Tuesday, July 22, 2008

The Old Rover Boy


Executive privilege is not a license to have fun breaking the law. We are currently plagued, however, by quite a number of governmental types who seem to think that's exactly what it means. Recall one of Richard "Tricky Dick" Nixon's famous quotes: "When the President does it, that means that it is not illegal."

Only Karl is not the President (there is a God). In fact, he's not even a certified member of government anymore. He's a private citizen who somehow still believes in his federal immunity to his own past.

His business card now just says the truth, plain and simple: Karl Rove, Motherfucker.

One of his dreams was a permanently established republican majority in Congress. Sorry, but that not only isn't how a democracy works, it isn't even how a REPUBLIC works.

He still has his ensconced friends, whose skirt tails he predictably runs behind, in these last few months of an administration that he used as a giant personal dildo upon the American public. Only the clock is ticking. Day by day, more of his pals will abandon him in their own mad dash out of the federal whorehouse. It will get difficult to keep washing his hands harder and harder and still smell that lingering trace of butt lube on them.

If 9-11 was indeed a covert government set-up foisted upon its own people to create an excuse to re-invade Iraq, here is a leading candidate for one of its masterminds...

Outing government covert agents – endangering them, their families and other federal agents in doing so – all to keep a lid on the cauldron of lies concerning the Iraq War. A nobler nation would call that high treason.

Tampering with the Department of Justice to promote party agendas. That's called malfeasance.

Scapegoating cronies. (Can you say "Scooter?")

High-up monkeying with voter counts in the presidential elections, not just for his boss, but quite probably to insure his own continued power base. Well, alright, Karl isn't the first to do that one.

Firing 9 U.S. Attorneys simply because of their personal politics.

Destroying incriminating e-mail evidence regarding all of the above. That's a felony if you or I do it.

Casting all blame for federal inaction in the wake of Hurricane Katrina upon the local (Democratic) officials whose homes and livelihoods were annihilated along with those of their constituents. That's like the fox blaming the chickens for being in the coop in the first place.

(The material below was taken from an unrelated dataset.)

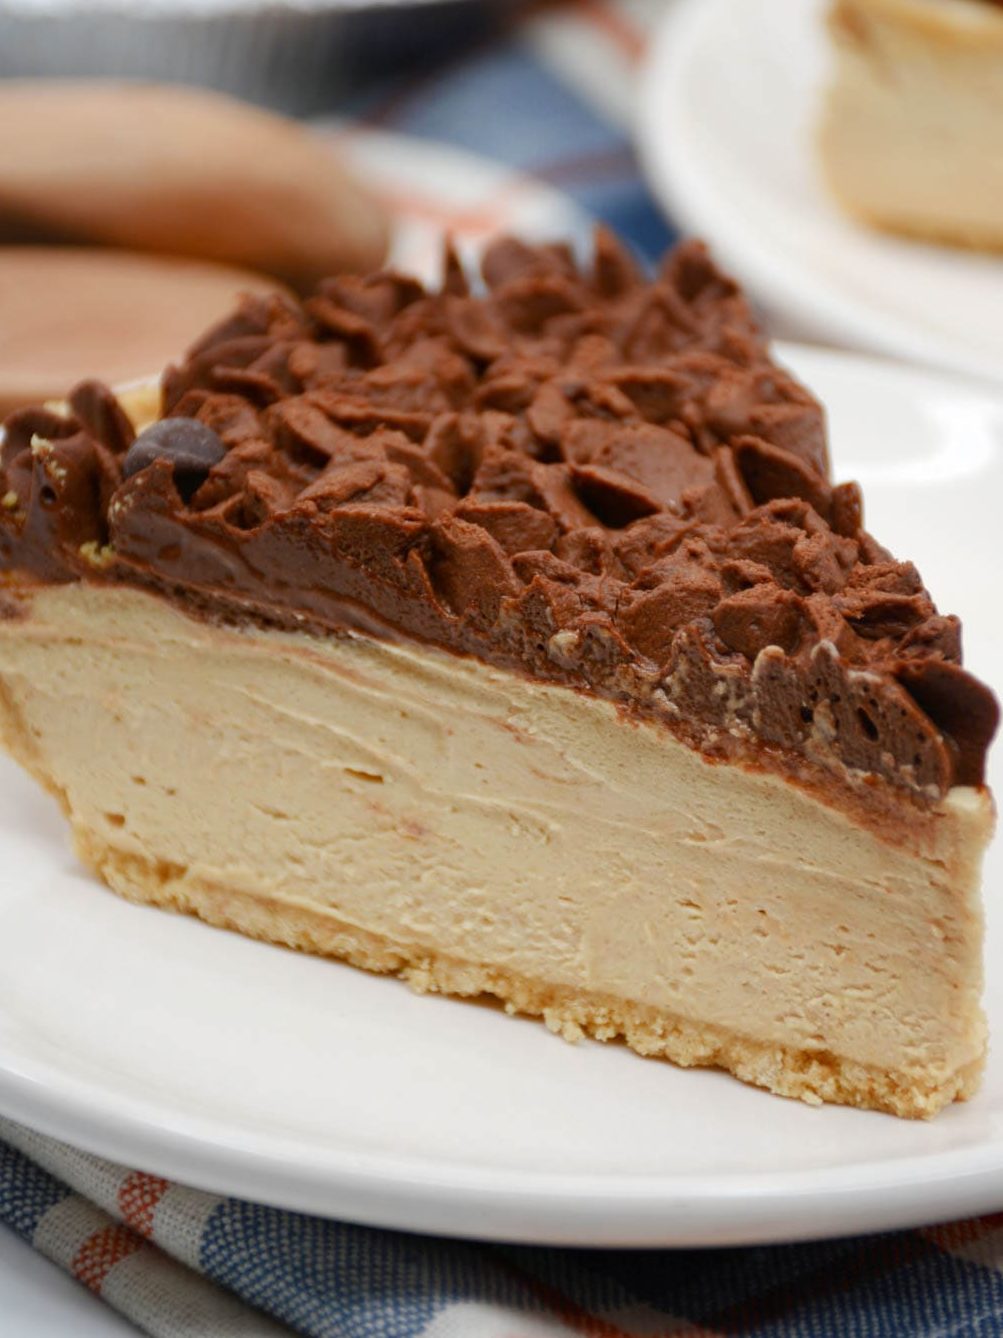 No-Bake Cream Cheese Peanut Butter Pie with Chocolate Whipped Cream

And let us not overlook... flagrantly ignoring a Congressional Subpoena and... skipping the country (!!!). Didn't a few Nazis try that after Germany surrendered?

Everything listed here has already been reported on, exhaustively, by the media. Could anyone scan the previous decade's résumé of this individual and not see an unwavering career of festering deceit and criminality? Yet in each grandly staged photo-op, there he is, unaware that his immense evil is telegraphed to the lens with even the slightest shifty eyed grin. He is polished, speck-free, possibly even "bright." In the way that the sheen on the skins of wet dog turds may be said to be "bright."

He makes Richard Nixon look like Henry David Thoreau.

A hundred years ago, such a person would face a firing squad.

But no – he will likely get away with it. All of it. He's untouchable – at least in his own twisted mind. He's a higher species than you and me – unshackled by mere morals or ethics, he's that uncaught bird, flying away to some branch too high for any predator – legal or otherwise – to reach. But always certain that the chosen perch is suitable from which to freely crap on those below daring enough to look up.

It will be truly amazing to watch. This living embodiment of everything wrong and ugly about the current condition of government, will continue to be coddled, championed and in some cases sainted by a league of tunnel-visioned loyalists – in the halls of politics, the private sector, and even the media – and his fetid, flatulent influence will continue to spread like mold in the forum of public opinion, as he takes his place among the talking heads and pundits. He did get them to write him his own Rap song, remember?

Then he'll write his obligatory tell-all bestseller, in which he will betray every former ally, and smugly claim victimhood. His controversial past in high office will guarantee him a publishing deal – rather than any discernible writing talent. He'll hire some flunky to check commas and semicolons. There's no way to hook a book to a lie detector. He'll be assured of a continued life free of all money woes. He'll never have to use a time-clock. He'll never wait in line for lunch. And all us tax-payers, with anuses still hurting from his days of unelected, undeserved privilege, will only be able to stand and watch his limo roll by.

But even then, let us never forget, this is that special brand of fiend, whom acquired a high seat of power and used it for every wrong purpose. This is the guy who took a shit in our plate, and told us it was chili.